If others pay the tax which is demanded of me, from sympathy with the State, they do but what they have already done in their own case, or rather they abet injustice to a greater extent than the State requires. If they pay a tax from a mistaken interest in the individual taxed, to save his going to jail, it is because they have not considered wisely how far they let their private feelings interfere with public good.
This then, is my position at present. But one cannot be too much on his guard in such a case, lest his action be biased by obstinacy, or of an undue regard for the opinions of men. Let him see that he does only what belongs to himself and to the hour. I think sometimes, why, this people mean well; they are only ignorant; they would do better if they knew how; why give your neighbors this pain to treat you as they are not inclined to? But, I think again, this is no reason why I should do as they do, or permit others to suffer much greater pain of a different kind. Again, I sometimes say to myself, when many millions of men, without heat, without ill-will, without personal feeling of any kind, demand of you a few schillings only, without the possibility, such is their constitution, of retracting or altering their present demand, and without the possibility, on your side, of appeal to any other millions, why expose yourself to this overwhelming brute force?
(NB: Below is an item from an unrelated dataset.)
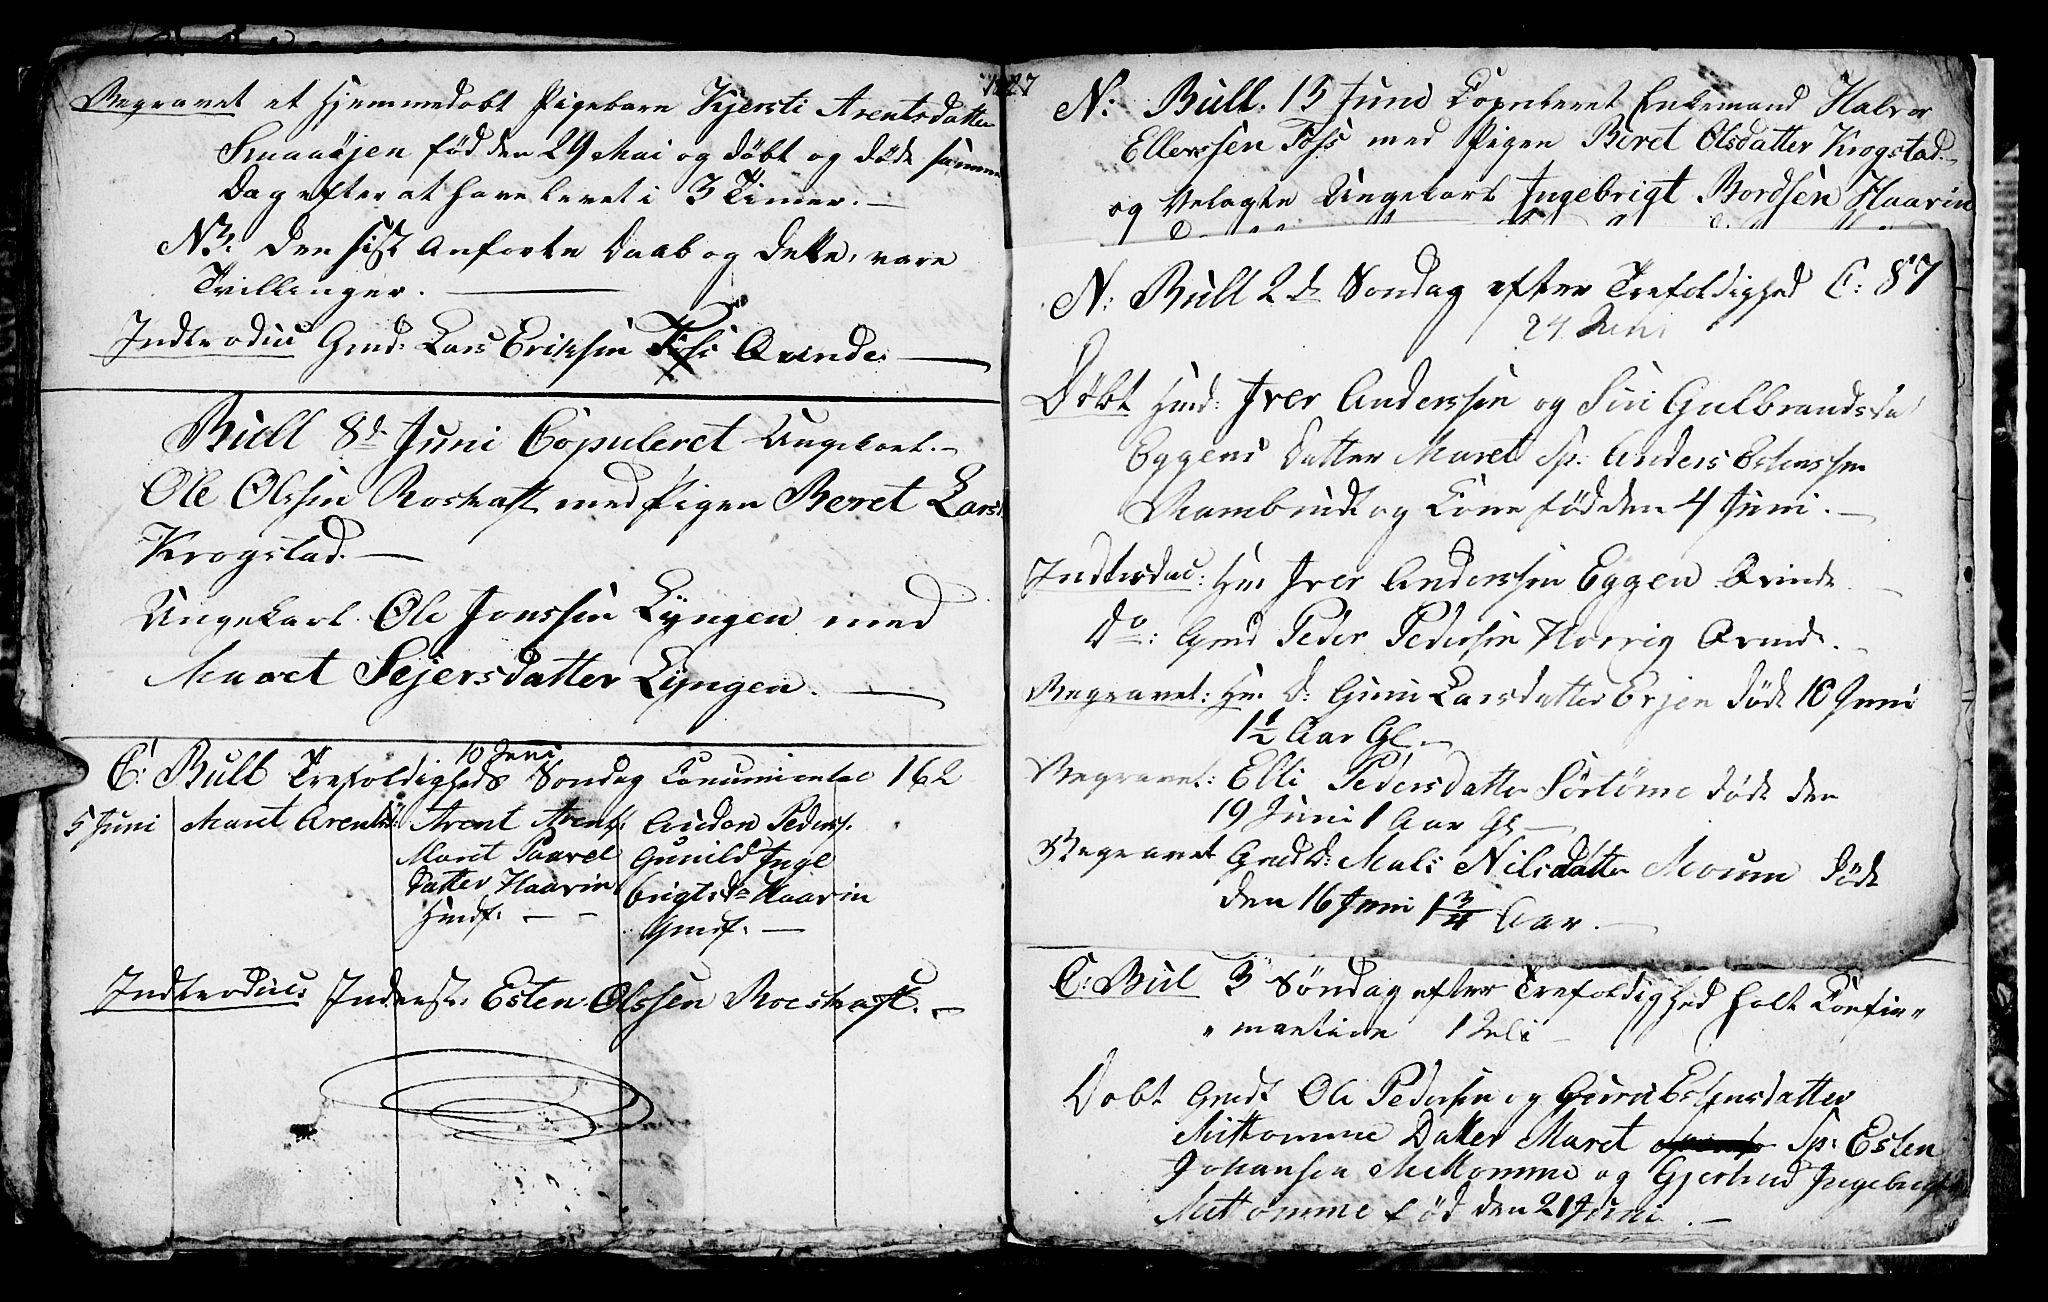 SAT, Ministerialprotokoller, klokkerbøker og fødselsregistre - Sør-Trøndelag, 692/L1109: Klokkerbok nr. 692C04, 1825-1827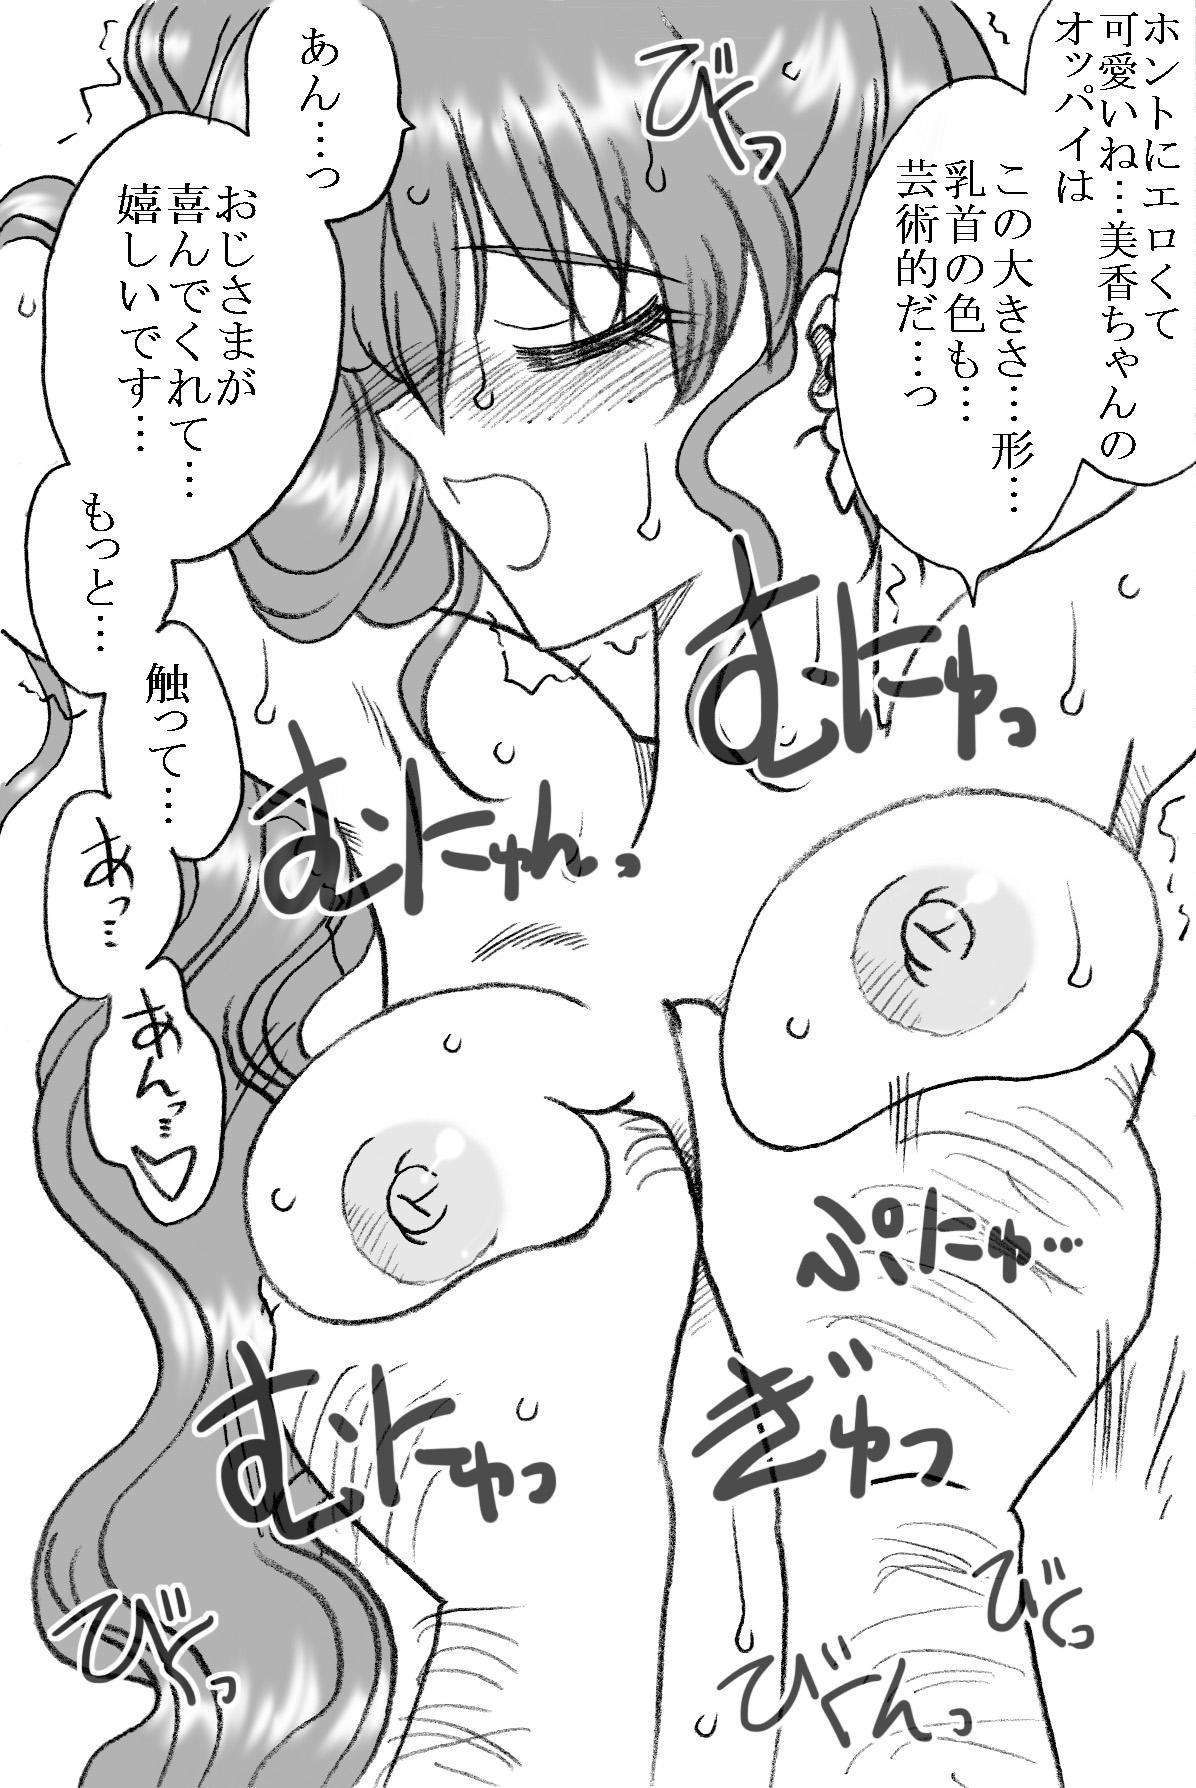 Mika-chan, Chichioya yori mo Toshiue no Ojisama to Ecchi sono 4 44

You do not resist cold and hunger, the winds and the waves, thus obstinately; you quietly submit to a thousand similar necessities. You do not put your head into the fire. But just in proportion as I regard this as not wholly a brute force, but partly a human force, and consider that I have relations to those millions as to so many millions of men, and not of mere brute or inanimate things, I see that appeal is possible, first and instantaneously, from them to the maker of them, and, from them to themselves. But, if I put my head deliberately into the fire, there is no appeal to the fire or to the Maker of fire, and I have only myself to blame. If I could convince myself that I have any right to be satisfied with men as they are, and to treat them accordingly, and not according, in some respects, to my requisitions and expectations of what they and I ought to be, then, like a good Musulman and fatalist, I should endeavor to be satisfied with things as they are, and say it is the will of God. And, above all, there is this difference between resisting this and a purely brute or natural force, that I can resist this, with some effect; but I cannot expect, like Orpheus, to change the nature of rocks and trees and beasts.
I do not wish to quarrel with any man or nation. I do not wish to split hairs, to make fine distinctions, or set myself up as better than my neighbors. I seek rather, I may say, even an excuse for conforming to the laws of the land. I am but too ready to conform to them.
Indeed I have reason to suspect myself on this head; and each year, as the tax-gatherer comes around, I find myself disposed to view the acts and position of the general and state governments, and the spirit of the people, to discover a pretext for conformity. I believe that the State will soon be able to take all my work of this sort out of my hands,
And then I shall be no better a patriot than my fellow- country- men. Seen from a lower point of view, the constitution,, with all its faults, is very good; the law and its courts are very respectable; even this State and this American government are, in many respects, very admirable and rare things, to be thankful for, such as a great many have described them; seen from a higher still, and the highest, who shall say what they are, or what they are worth looking at or thinking of at all?